Элайн не узнала, где находится, когда проснулась. Долгую минуту она озиралась вокруг, растерянная, смотрела на несмятую постель, на солнце, пытавшееся пробиться сквозь янтарные шторы на окне, на дверь с примитивной системой сигнализации, по-прежнему балансирующей на стуле с прямой спинкой. А потом все вспомнила и рассердилась на себя.
Она встала, чуть пошатываясь от утомления, и доковыляла до ванной. И там плескала в лицо холодную воду до тех пор, пока глаза перестали слипаться, а потом посмотрела на себя в зеркало. Глаза ее выглядели ввалившимися, лицо — бледным. Вокруг рта пролегли тревожные морщины. Да, неделя выдалась поистине скверная. А тут еще долгая и изнурительная ночь. Элайн посчитала, что не может винить себя за то, что уснула, и решила, что заниматься самобичеванием — только напрасная трата времени.
Рассвет казался совершенным благом, избавлением от ночных тревог, и она уступила ощущению безопасности, которое он с собой принес. Но хотя дневной свет и вернулся, а она отчасти восстановила силы, ненадолго прикорнув в кресле, она осознавала, что опасность осталась. Добиться ее устранения можно лишь по собственной инициативе. Точно так же, как и всего остального в этой жизни.
Времени было 9.07, а это означало, что Ли уже уехал в город и вместе с ним — Гордон. Бесс, должно быть, моет посуду после завтрака и слоняется по кухне, а Джерри либо протирает мебель внизу, либо что-нибудь ремонтирует в доме. Джейкоб уже закончил завтракать и вчитывается в утреннюю газету. Пол Хоннекер, вероятно, отсыпается после вчерашней выпивки. А что Деннис? Наблюдает ли он за дверью ее комнаты, ожидая, пока она выйдет?
Она вспомнила, что Амелии Затерли не потребовалась темнота, чтобы совершить кровавое убийство, и поняла, что Деннису так же просто орудовать ножом при утреннем свете, как и при лунном мерцании.
Это не имело значения. Что бы ни ждало ее, она не может бесконечно отсиживаться в своей комнате.
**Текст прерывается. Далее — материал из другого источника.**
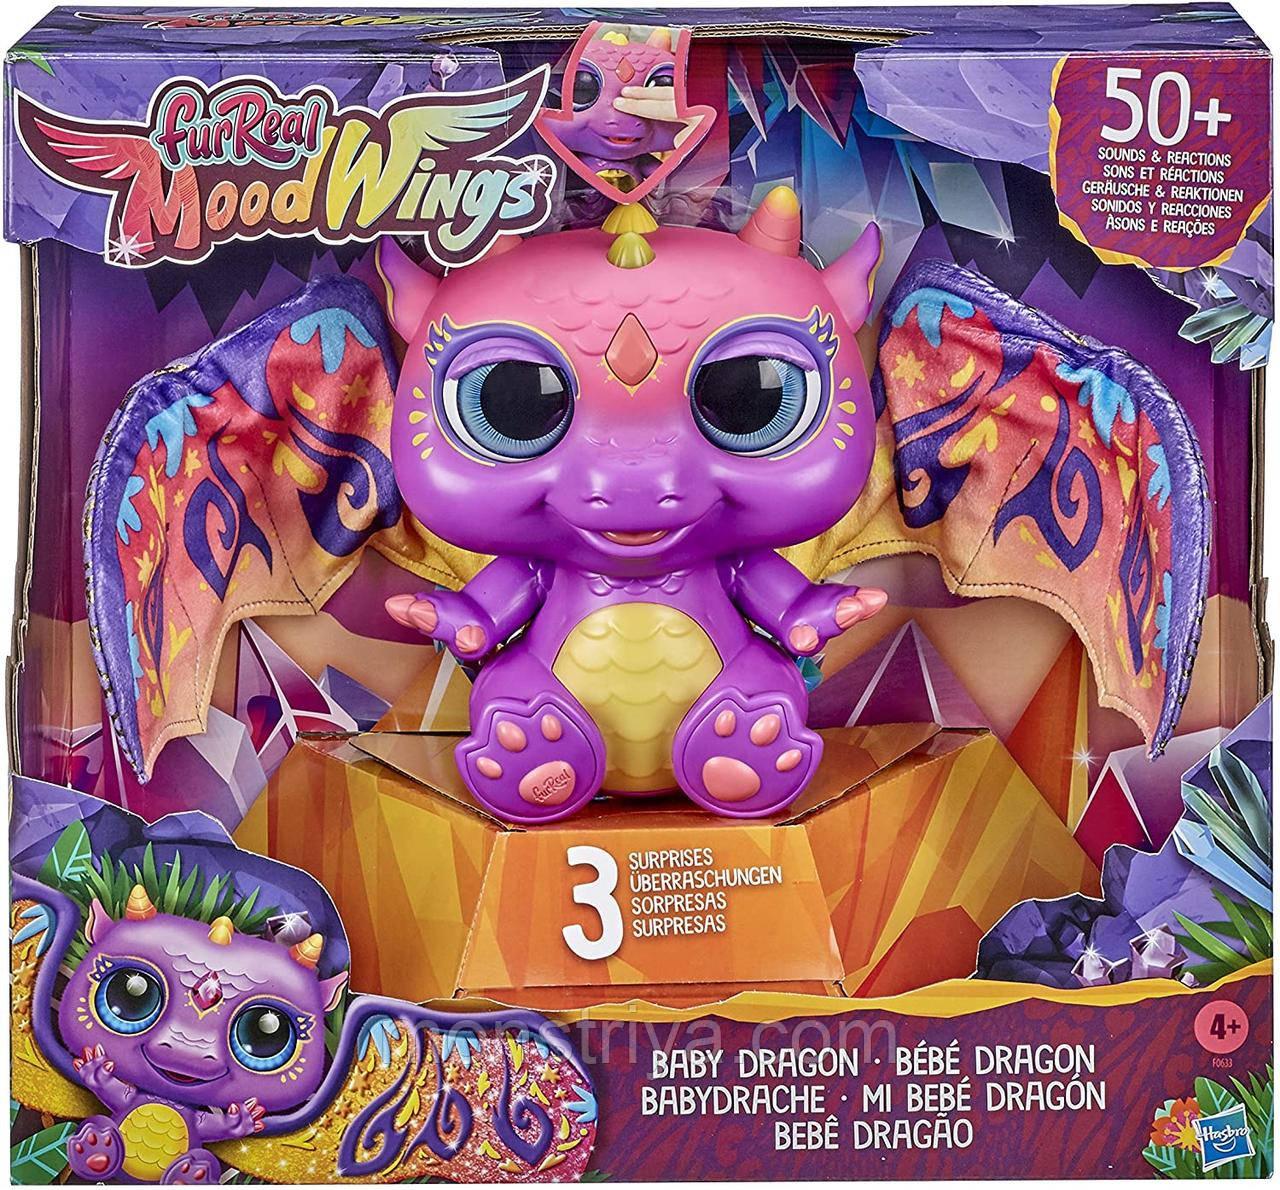 Інтерактивний Малюк дракон FurReal Friends Moodwings Baby Hasbro Dragon

Если она не позвонит капитану Ранду до того, как у него закончится служба сегодня вечером, и если психиатр не сумеет побудить Силию вспомнить личность напавшего на нее, тогда ей придется провести здесь еще одну ночь не ложась в постель, в напряжении, ожидая, что лезвие ножа просунется в дверную щель и вскроет замок. Она больше не сможет этого вынести. Элайн оделась попроще, причесала свои длинные, пышные волосы, которые опускались на плечи, как шелковистые сумерки. Она убрала флаконы со стула, подпиравшего дверь, и переставила их на туалетный столик, потратив некоторое время на то, чтобы расставить их так, как ей нравилось. Когда она убирала стул из-под дверной ручки, кто-то постучал в дверь легко, но настойчиво.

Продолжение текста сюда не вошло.